--- START ---

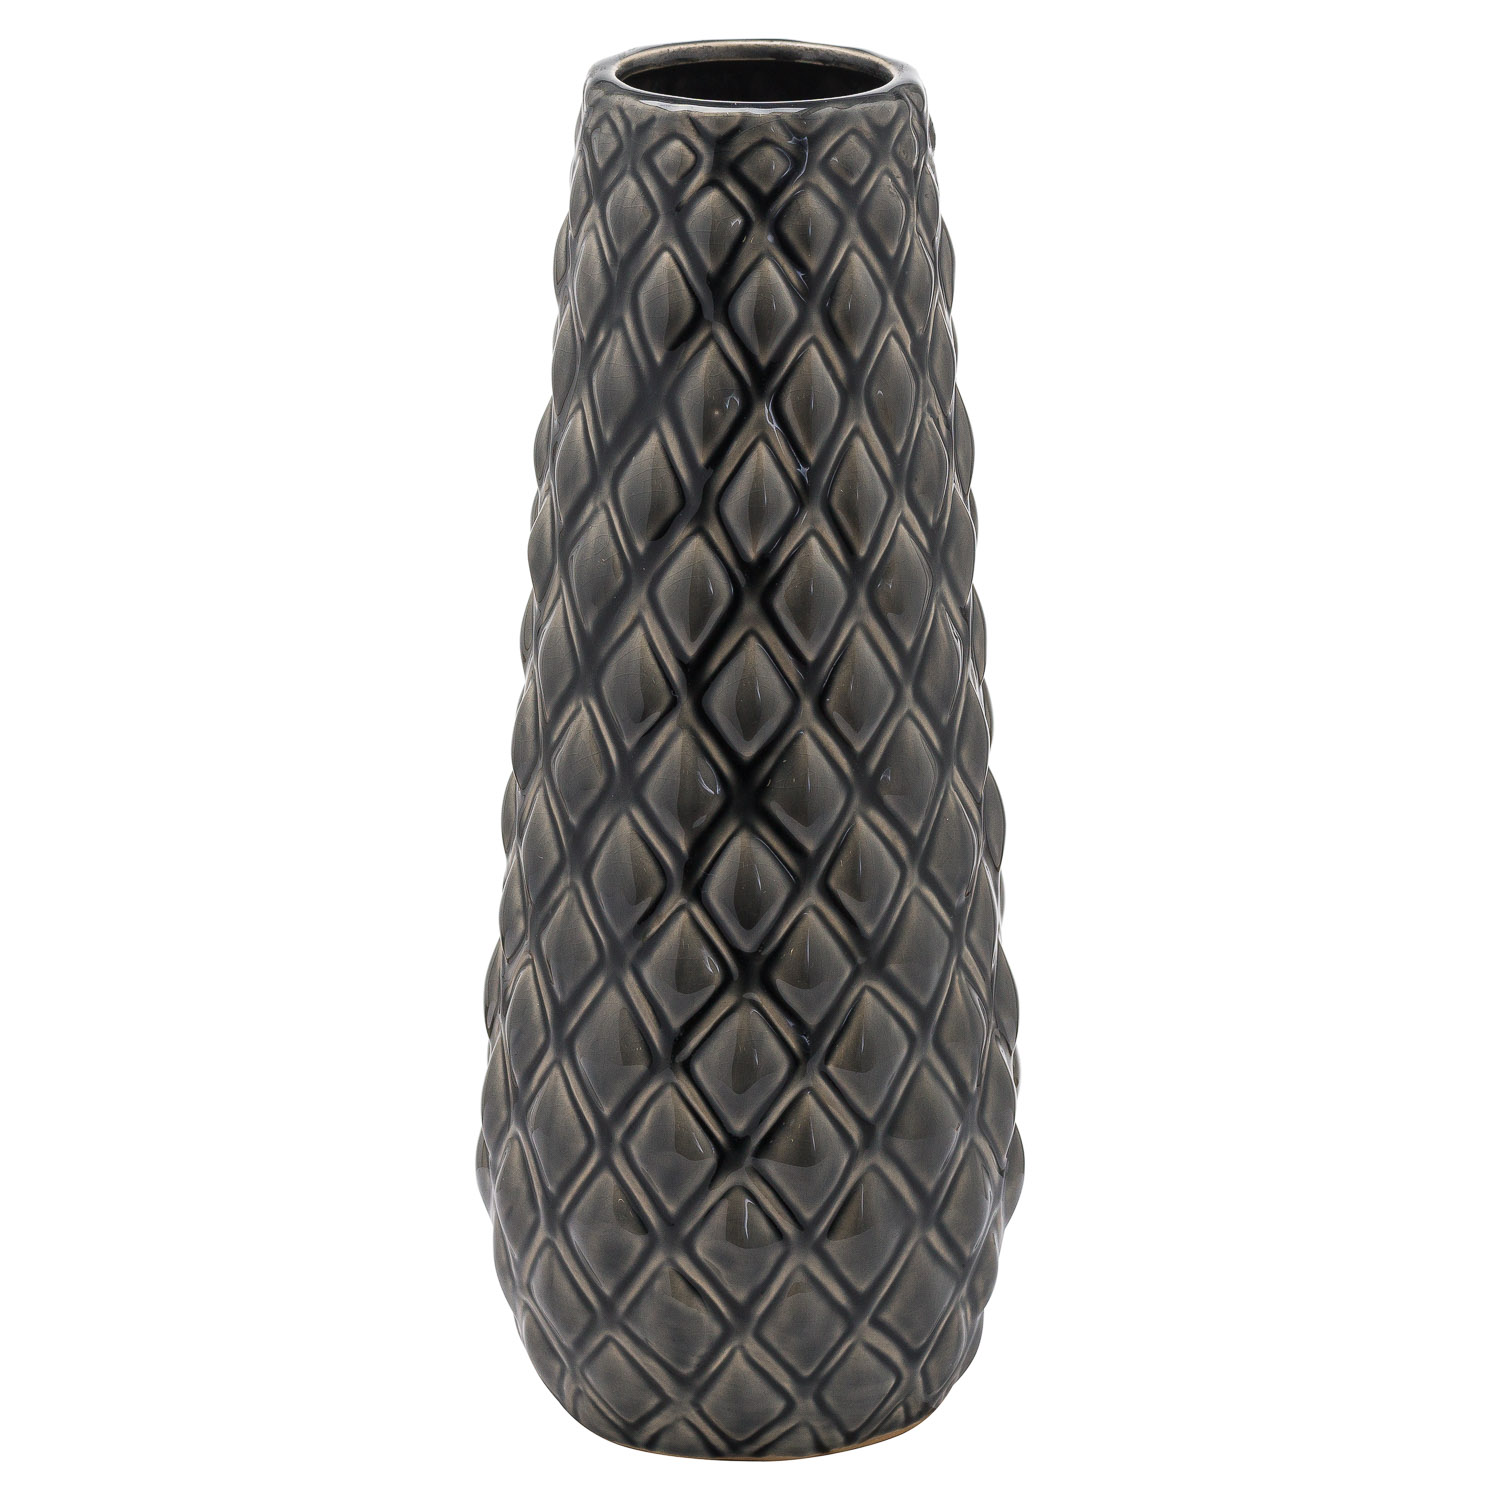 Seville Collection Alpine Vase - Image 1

--- END ---
--- START ---

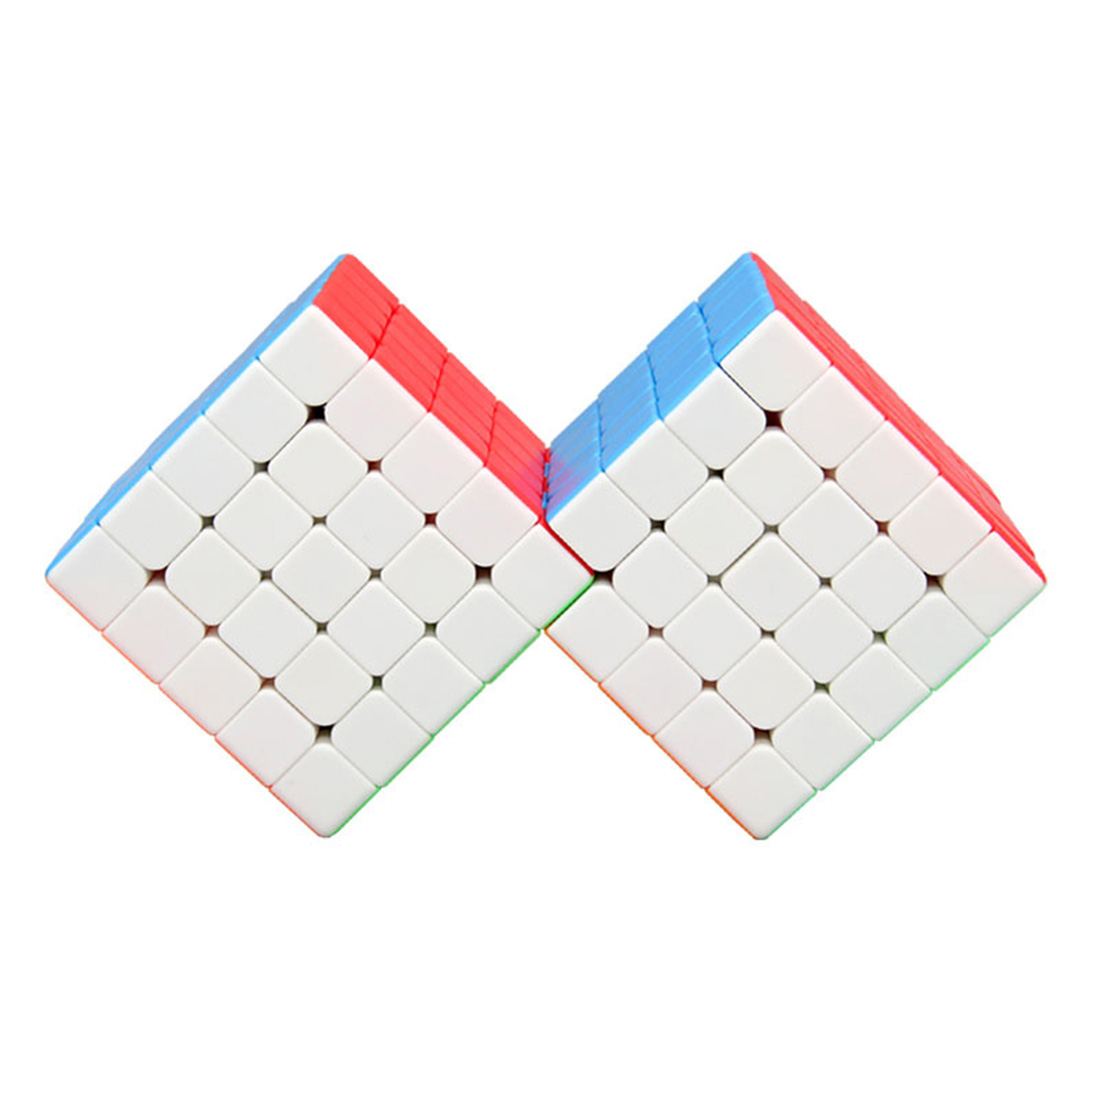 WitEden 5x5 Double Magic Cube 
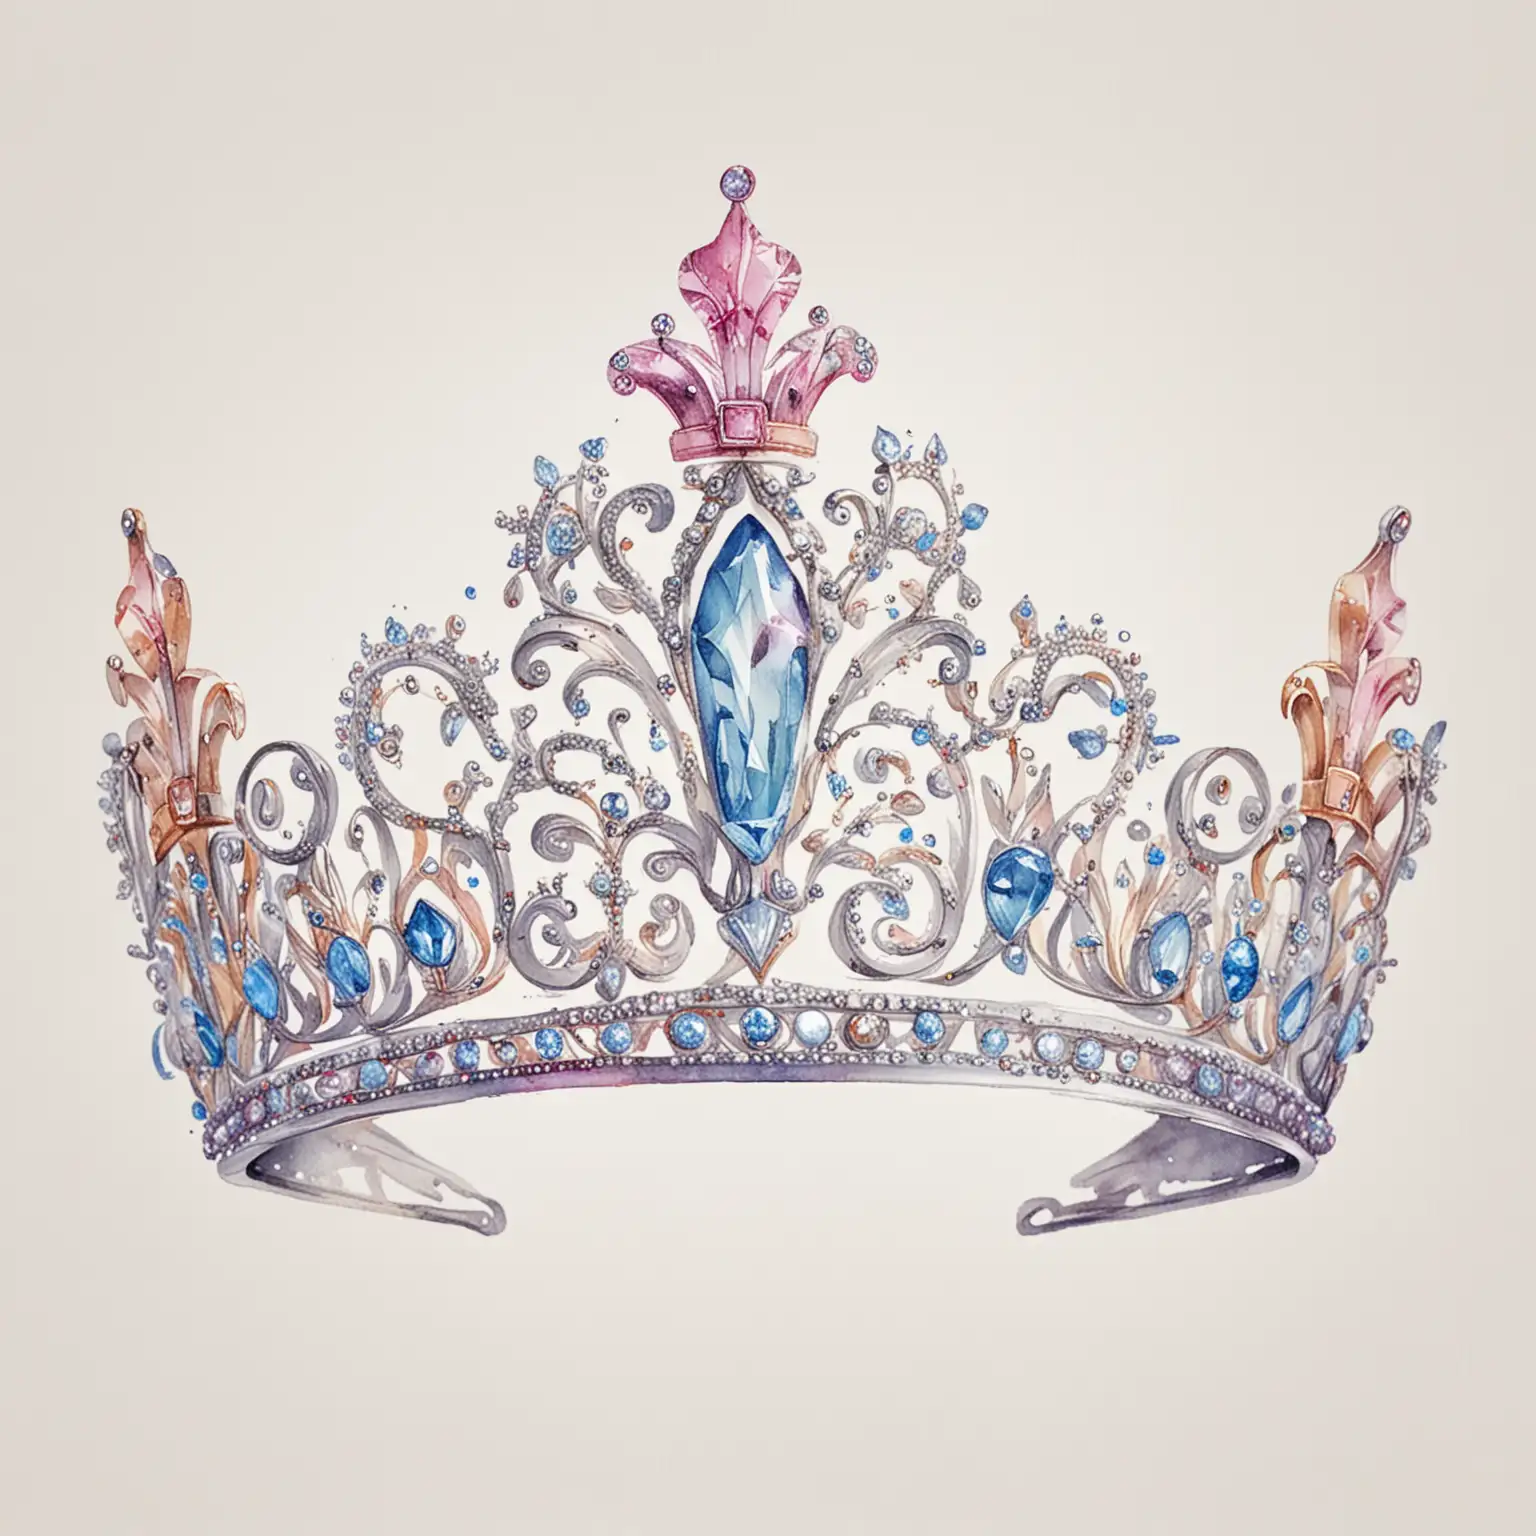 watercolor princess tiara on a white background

--- END ---
--- START ---

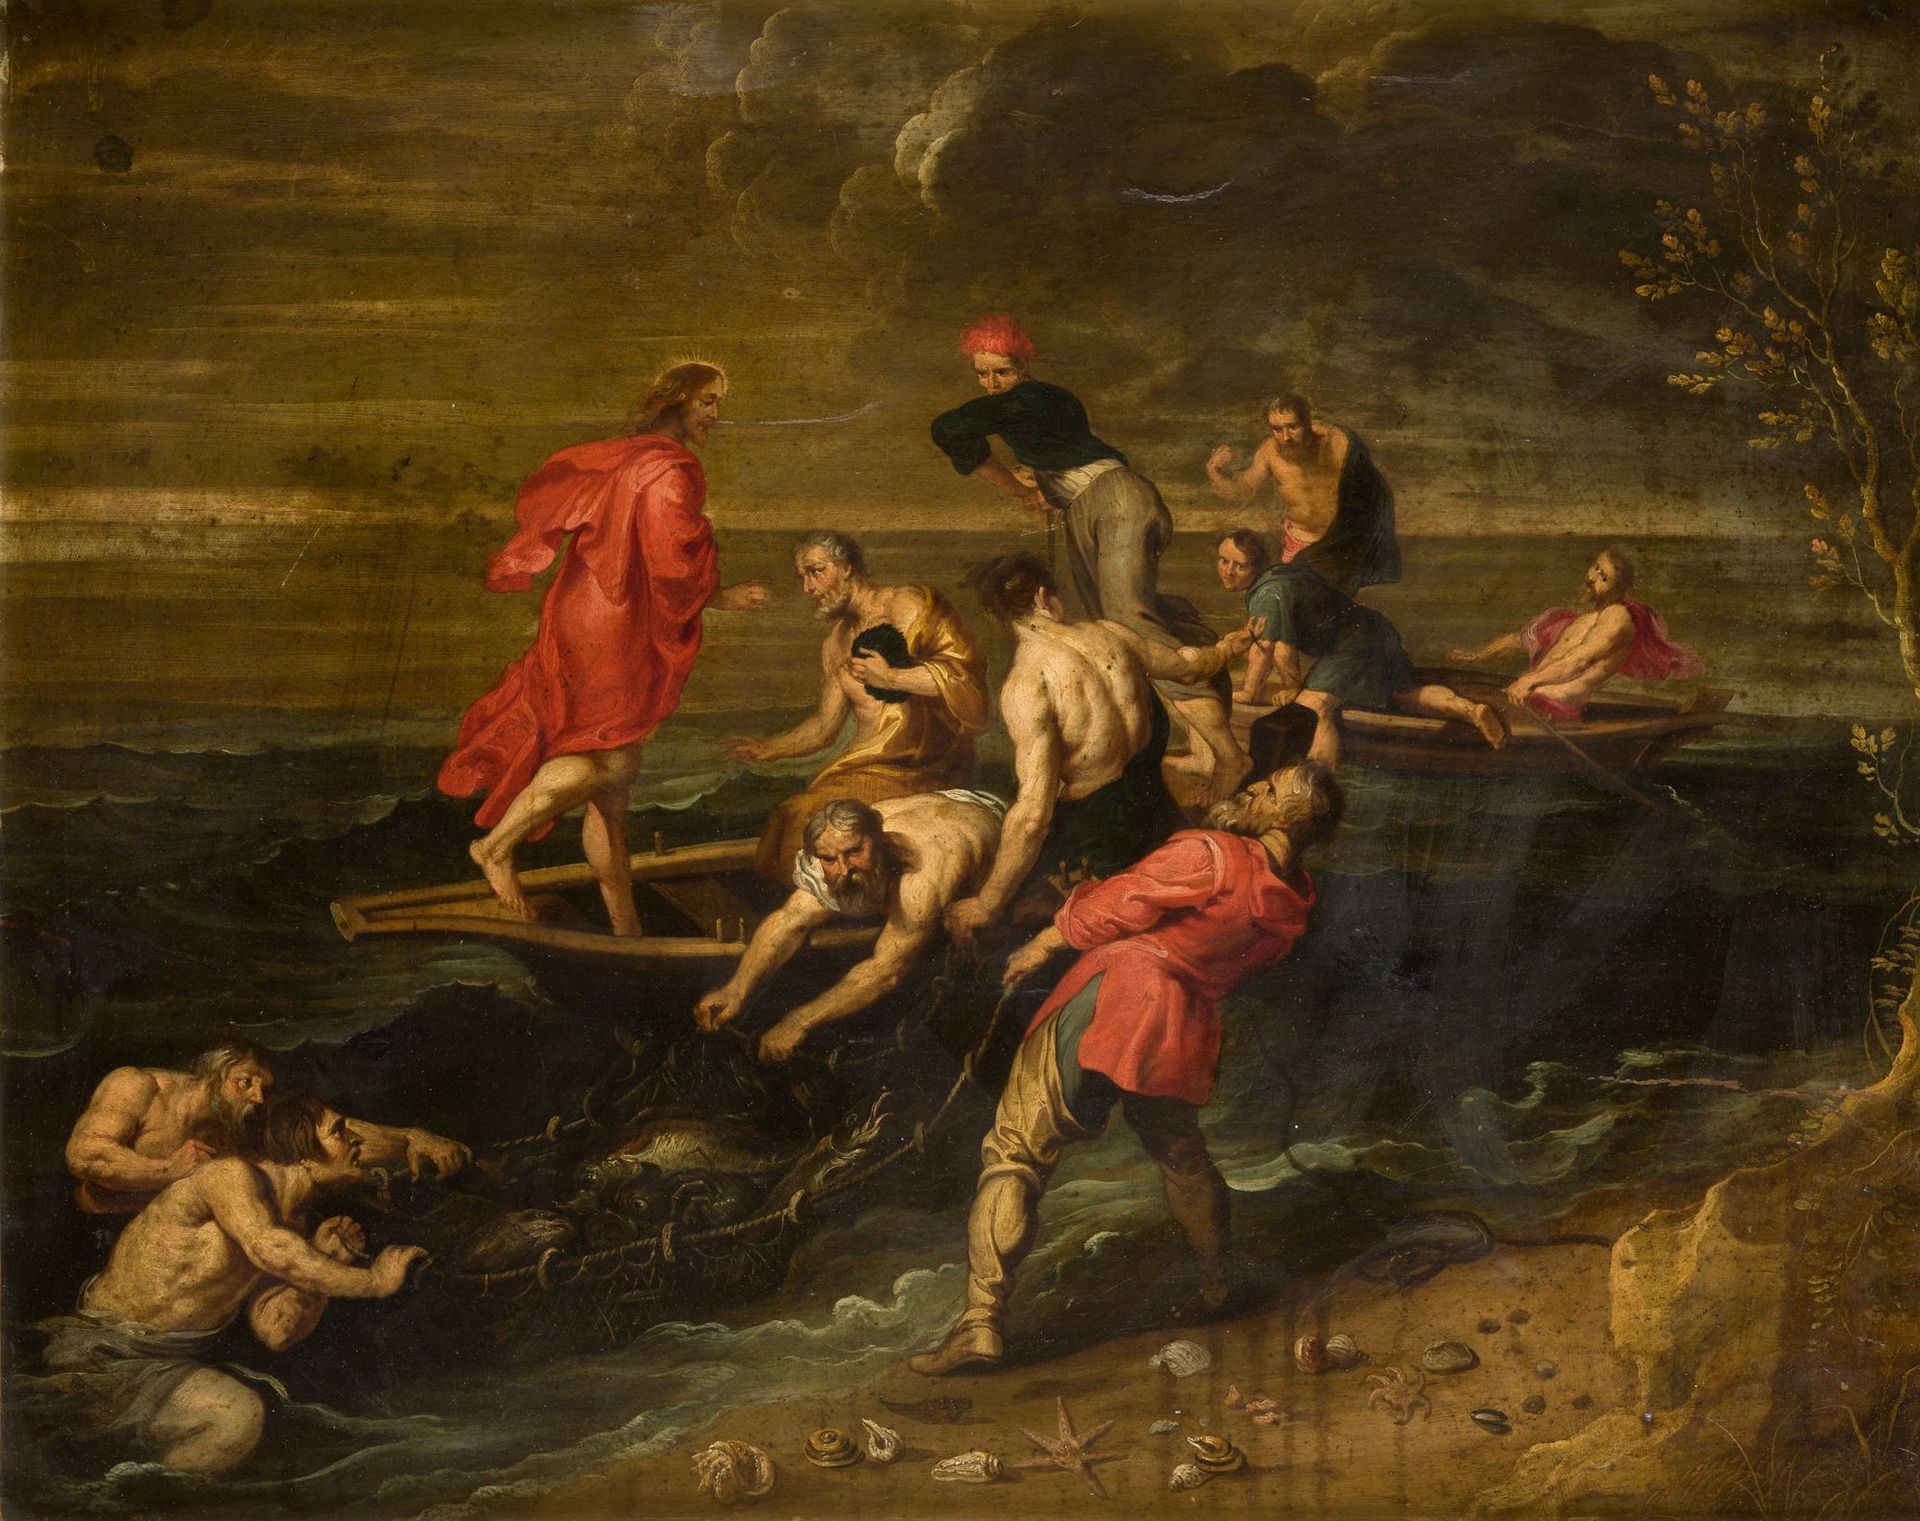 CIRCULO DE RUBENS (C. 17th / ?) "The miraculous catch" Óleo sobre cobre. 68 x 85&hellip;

--- END ---

What belongs in the answer is each line above from the line with "WitEden 5x5 Double Magic Cube" to the line with "watercolor princess tiara", inclusive, reproduced exactly and free of pictures.

 WitEden 5x5 Double Magic Cube 
 watercolor princess tiara on a white background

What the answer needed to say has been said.